On May 11, 2017, the Buffalo Bills signed Vallejo to a four-year, $2.55 million contract that includes a signing bonus of $153,799.

He injured his knee in the preseason but still managed to hang on to a roster spot.

Vallejo was waived by the Bills on September 1, 2018.

Cleveland Browns
On September 2, 2018, Vallejo was claimed off waivers by the Cleveland Browns. He played in 13 games before being placed on injured reserve on December 28, 2018 with a hamstring injury.

On February 4, 2019, Vallejo was waived by the Browns.

Arizona Cardinals
On February 5, 2019, Vallejo was claimed off waivers by the Arizona Cardinals. Vallejo was waived following the final roster cuts on September 1, 2019.

Washington Redskins
Vallejo was claimed off waivers by the Washington Redskins on September 2, 2019. He was waived on November 16, 2019.

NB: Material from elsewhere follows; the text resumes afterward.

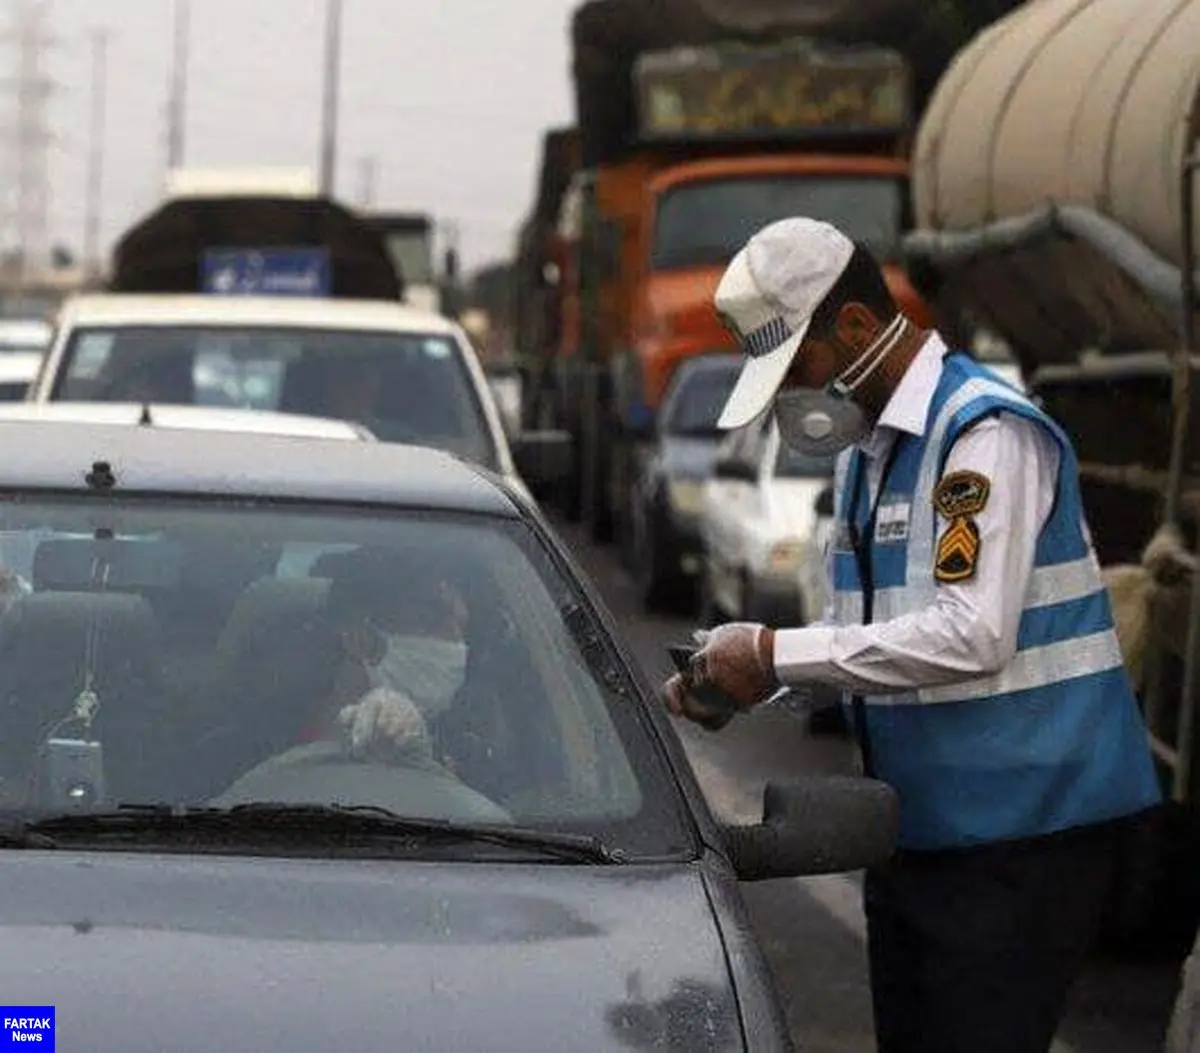 ‍ محدودیت ترافیکی روز ۱۲ بهمن در کرمانشاه اعمال می شود
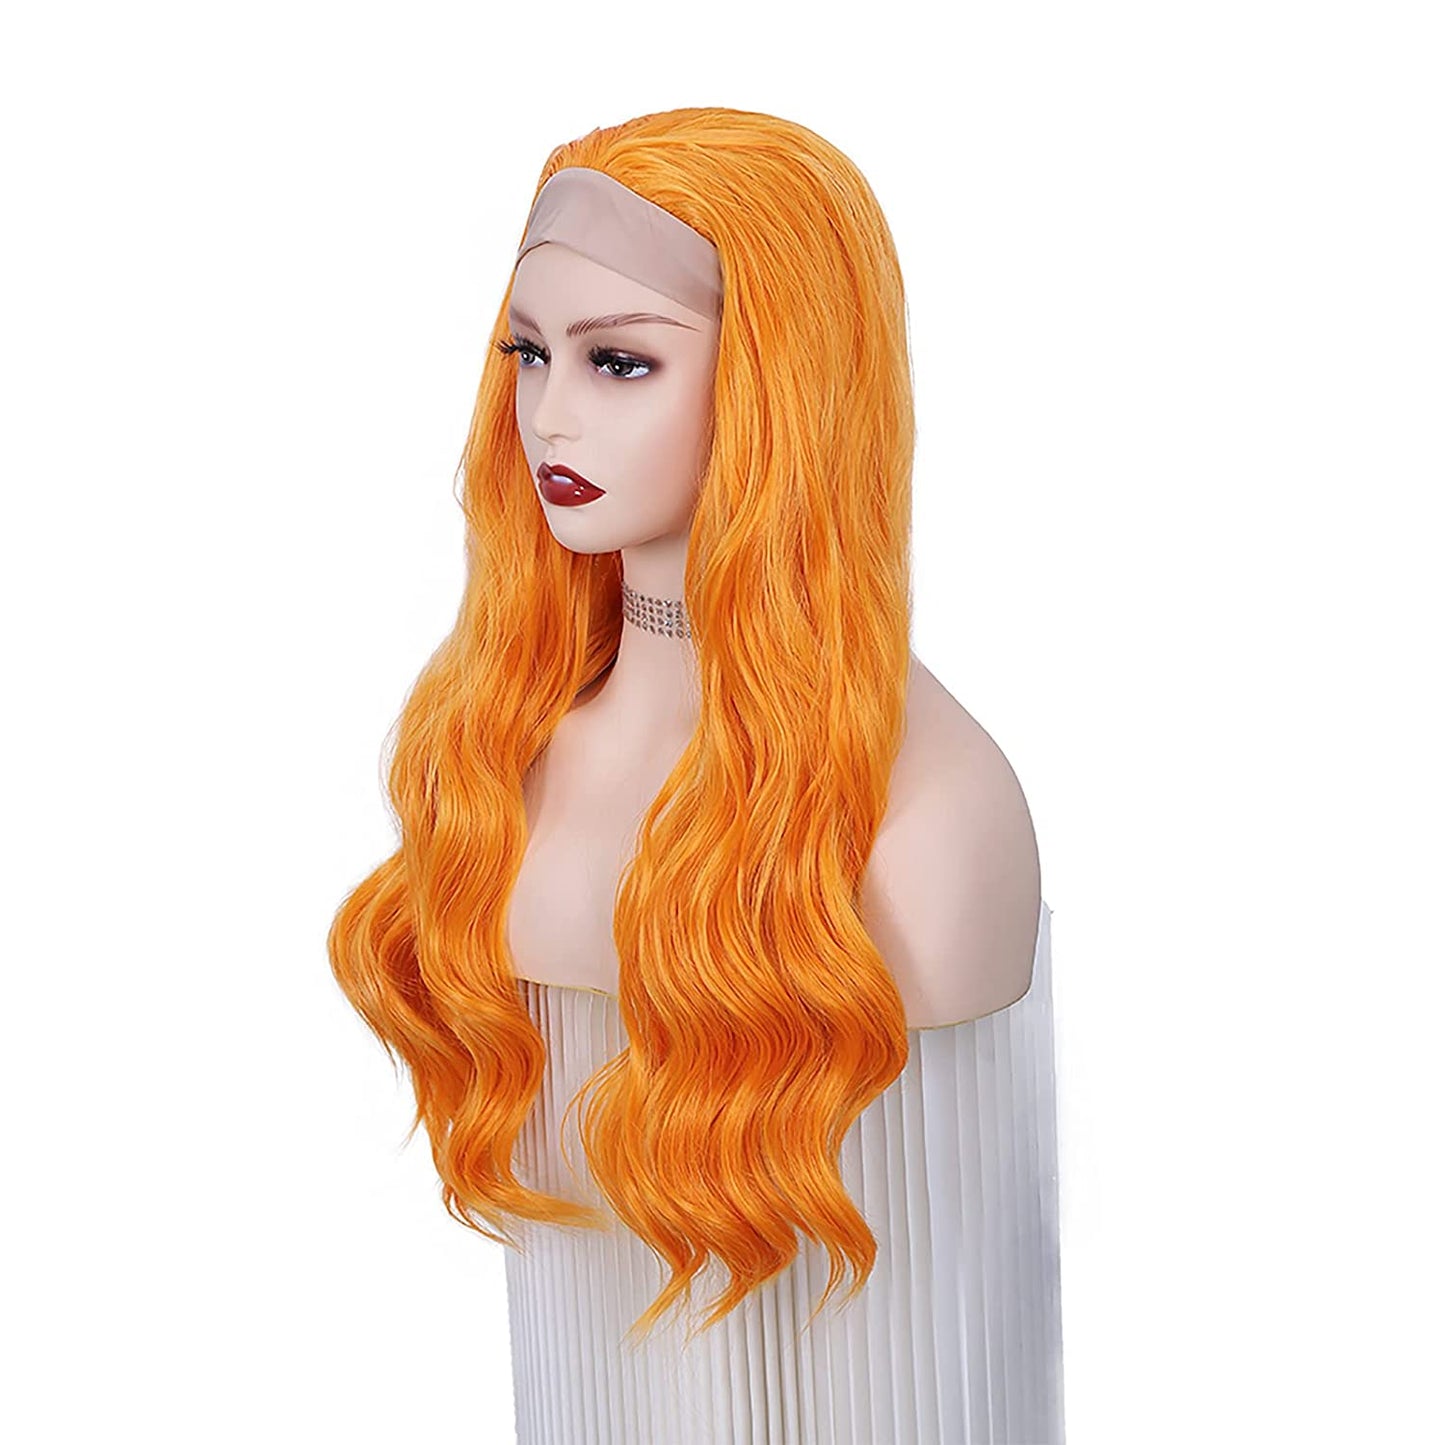  Orange Headband Wig Deep Wave HeadBand Wig Long wavy Wigs Long Curly Wavy Hair Wigs

Arizona Cardinals (second stint)
On November 20, 2019, Vallejo was signed to the Arizona Cardinals practice squad. On December 4, 2019, Vallejo was promoted to the active roster. In week 14 against the Pittsburgh Steelers, Vallejo recorded a sack on quarterback Devlin Hodges and forced a fumble on running back Benny Snell which was recovered by teammate Terrell Suggs in the 23–17 loss. He was placed on injured reserve on December 18, 2019.

In Week 17 of the 2020 season against the Los Angeles Rams, led the team with 12 tackles and recorded his first sack of the season on John Wolford during the 18–7 loss.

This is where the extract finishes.